Warden Candus cocked her head back towards me. Her tone shifted back to the light and friendly one once more. “Oh, we’re setting off in a few hours. We’re headed for the Garden World Gibor. You’ll be able to get out of here in a couple weeks.”

”Are we that close to the other planet?” A couple weeks- could we even go that far in such a short time? Voidships were fast, but not FTL fast. No- they must be to reach distant systems. How do they even work in the first place? Cinders, my education really was lacking, huh? I'm seriously starting to regret dropping out of the church's program.

“No? Do you… not know what an Umbral Guillotine is?” The woman patiently asked me.

”No?” Umbral- as in Umbra? The shadow dimension with Shades? Guillotine- what does that even mean? They were executing Umbra?

The woman shook her head. “Ask Yor about it next time he’s down here. Should be soon since we’ll be needing the Reality Anchors. I’m off then. Got thirty-nine other newly awakened Heralds to talk to.”

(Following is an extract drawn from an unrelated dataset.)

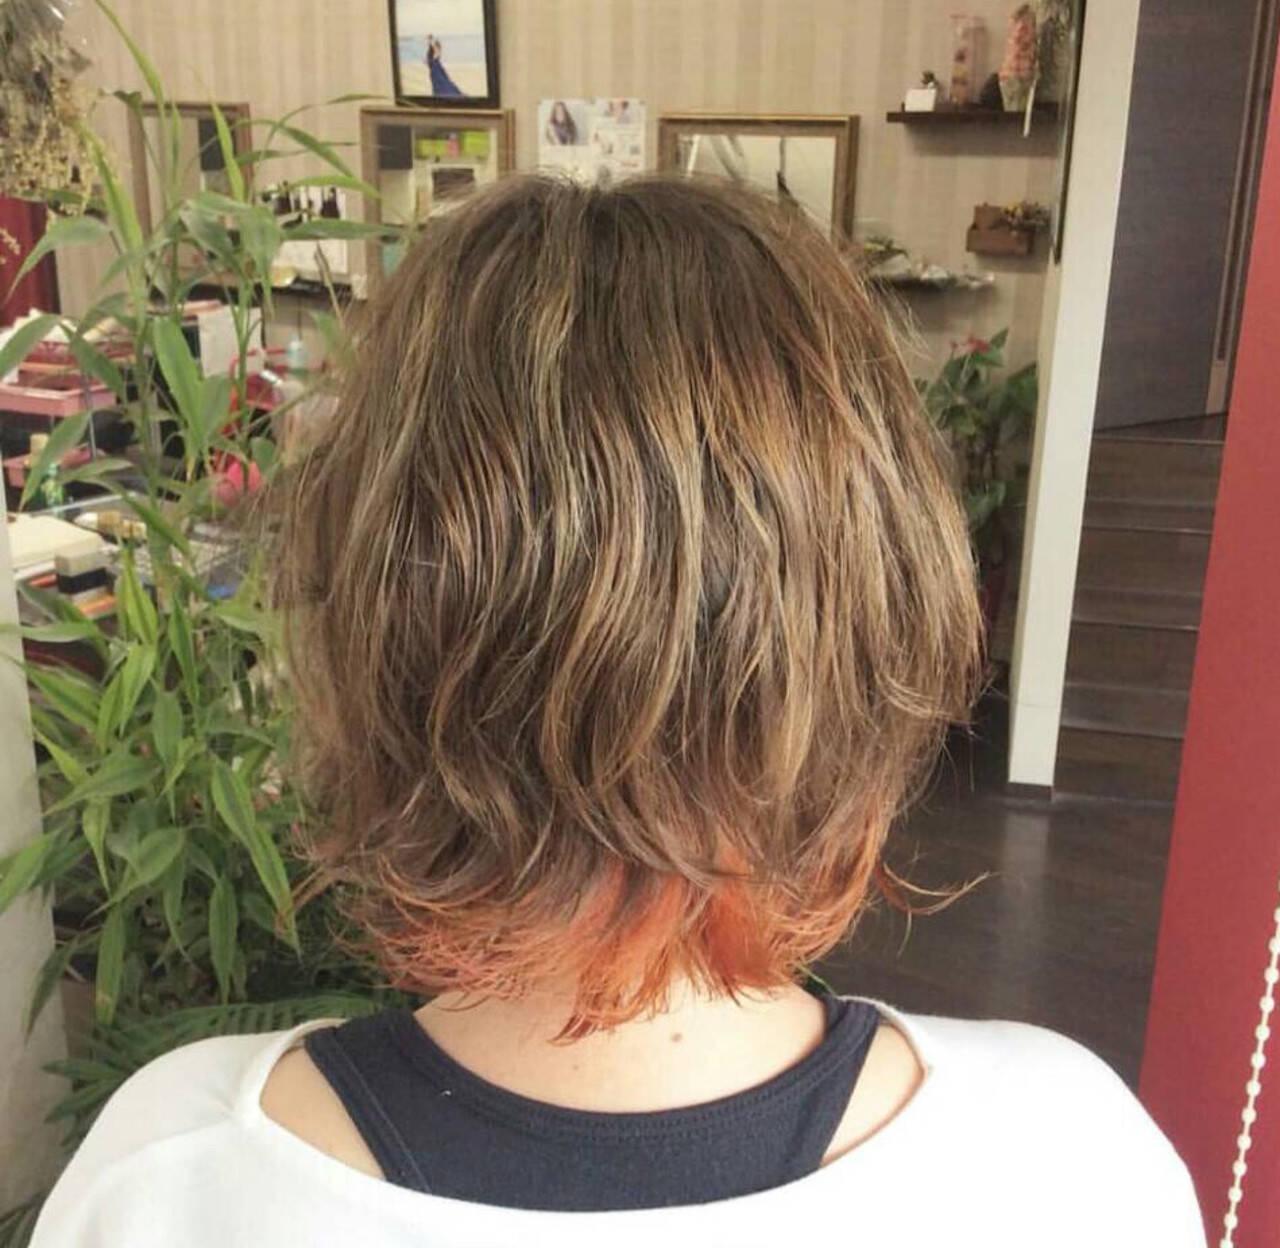 パーマ ガーリー オレンジカラー ショートヘアスタイルや髪型の写真・画像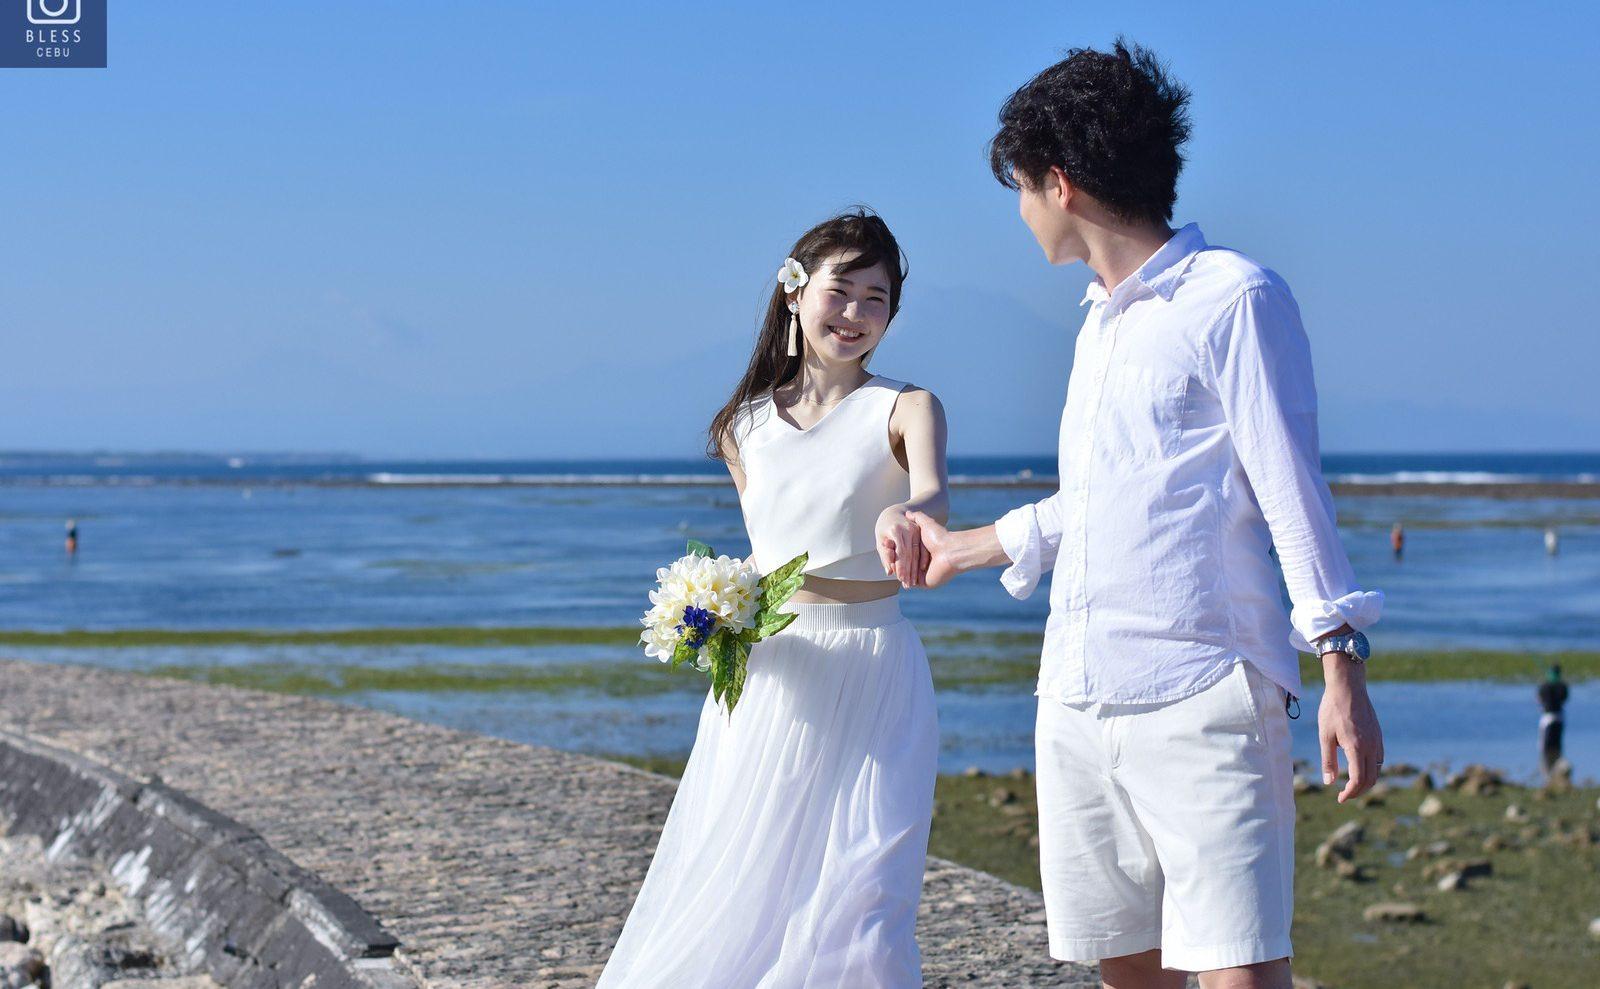 【お客様レポ#202】セパレートドレスとタッセルピアスがお洒落な花嫁様♡ 青空ビーチ&サンセットフォト F&N様

”Right…” I closed my eyes tightly, my mind finally seeming to settle down for the first time since Voth Prime. “And thank you. For... for being patient.” 

She laughed lightly. “No problem, Jasper. "

And with that, she left the room. As I moved to the pizza on the work table, I reorganized my thoughts, cleaning through my mind as I tried to- to figure it all out. To limited success of course.

I picked up the food. How do I eat this? Like pie from the center out? It smelled good, at least. I bit into the pizza-

Cinders! If being a Herald meant access to food this delicious, maybe it all wouldn’t be so bad.